Records for the exercise:
──────

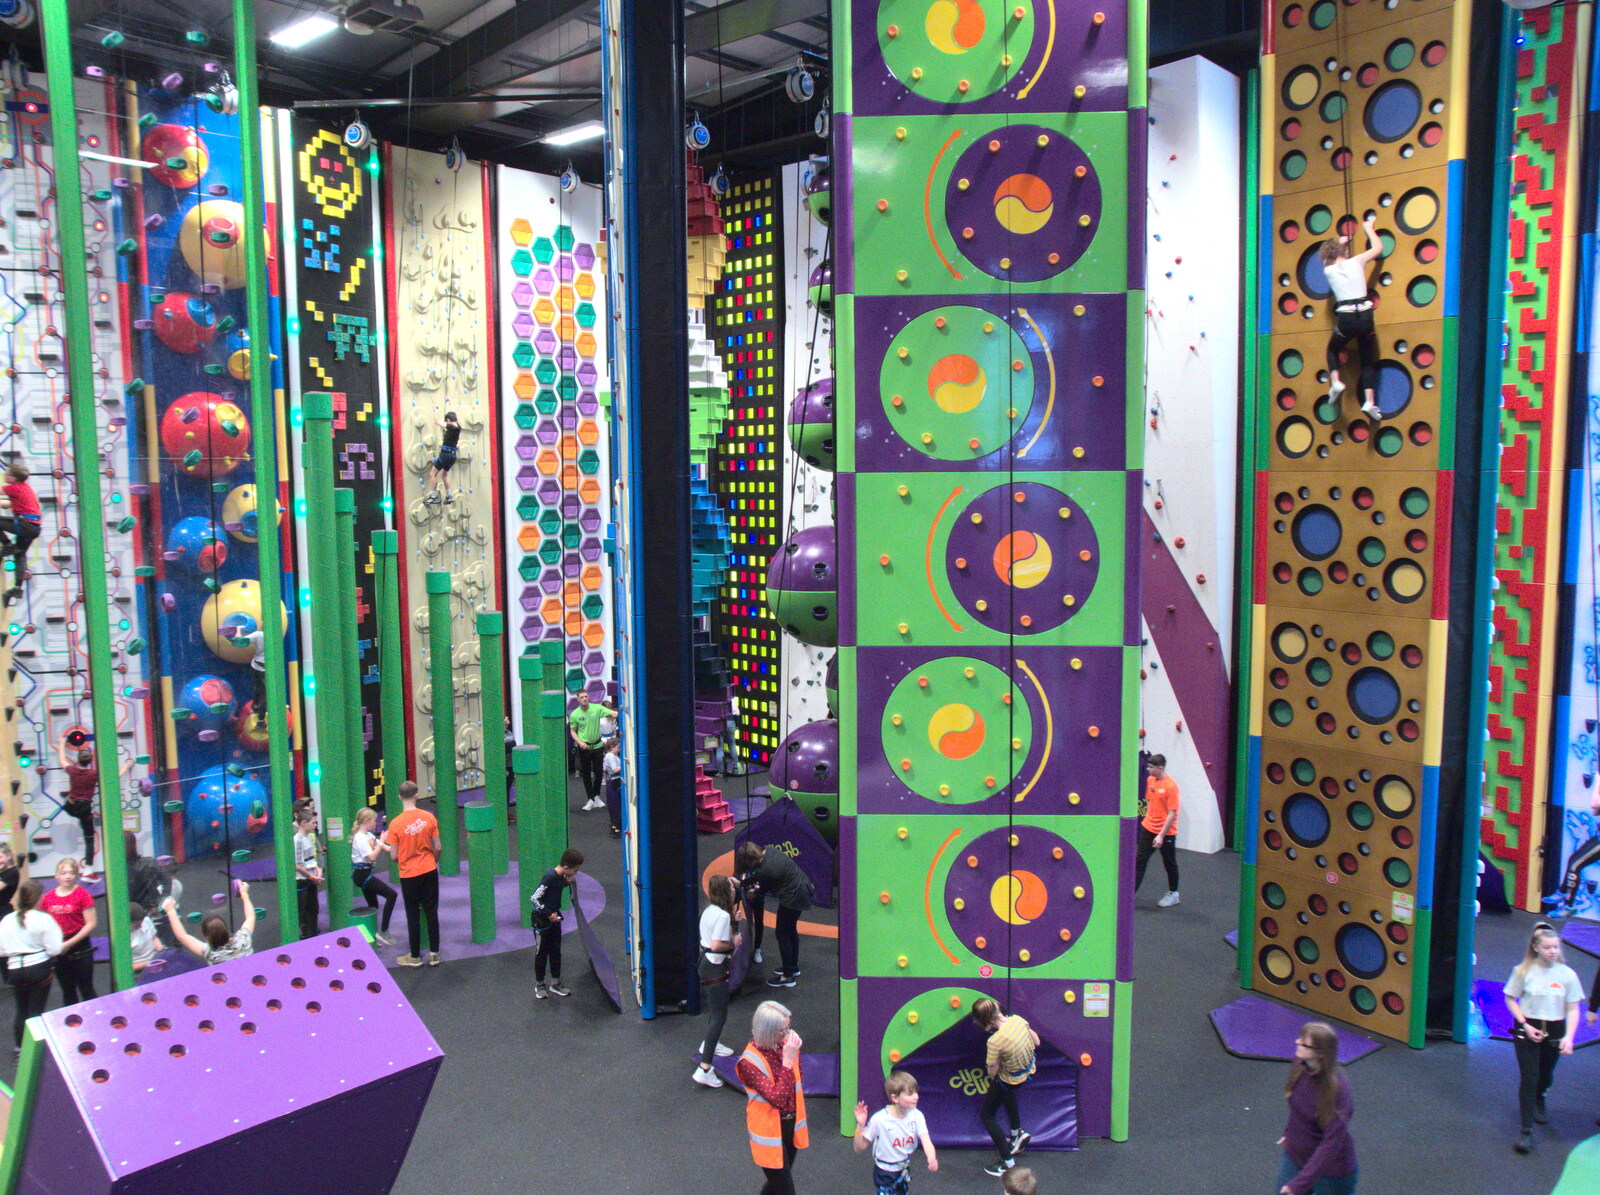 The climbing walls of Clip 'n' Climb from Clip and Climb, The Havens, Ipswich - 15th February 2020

──────

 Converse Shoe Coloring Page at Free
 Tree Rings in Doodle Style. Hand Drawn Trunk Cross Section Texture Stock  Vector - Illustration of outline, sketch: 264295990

──────

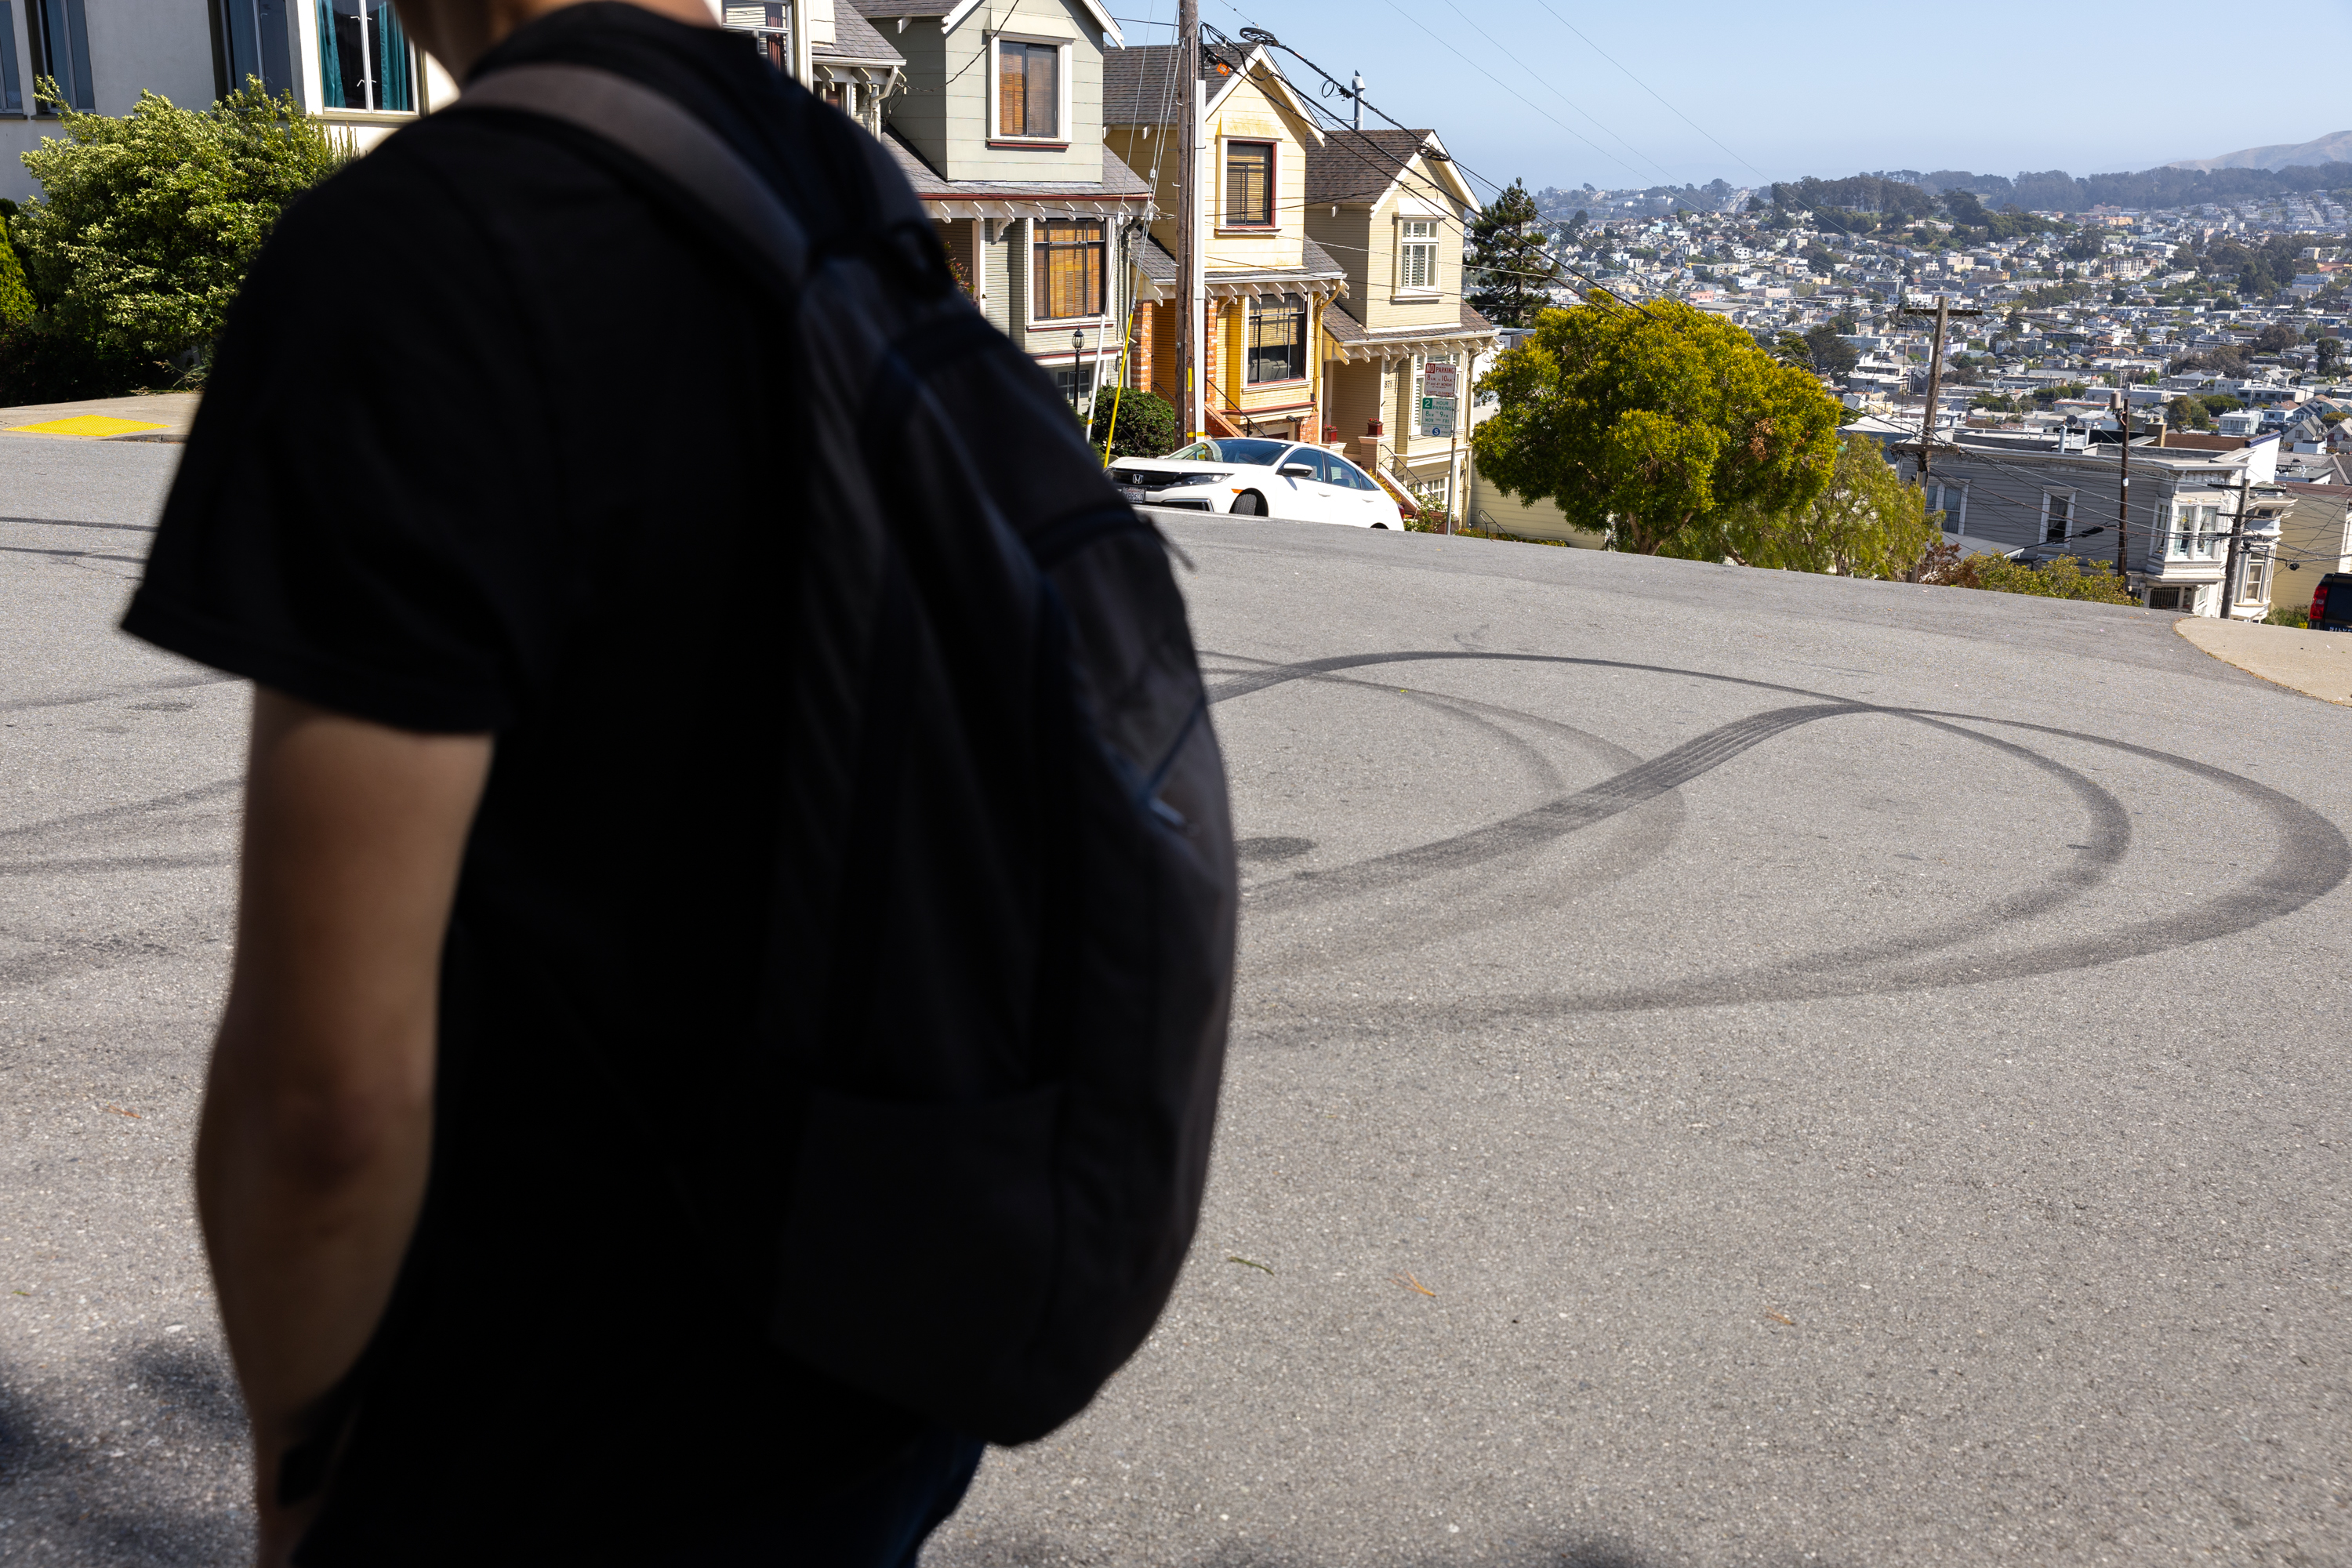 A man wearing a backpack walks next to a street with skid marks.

──────

In the listing above, the lines from the one containing "Converse Shoe Coloring Page at Free" through the one containing "Tree Rings in" must be set down exactly, with no other lines.

Completed exercise:
 Converse Shoe Coloring Page at Free
 Tree Rings in Doodle Style. Hand Drawn Trunk Cross Section Texture Stock  Vector - Illustration of outline, sketch: 264295990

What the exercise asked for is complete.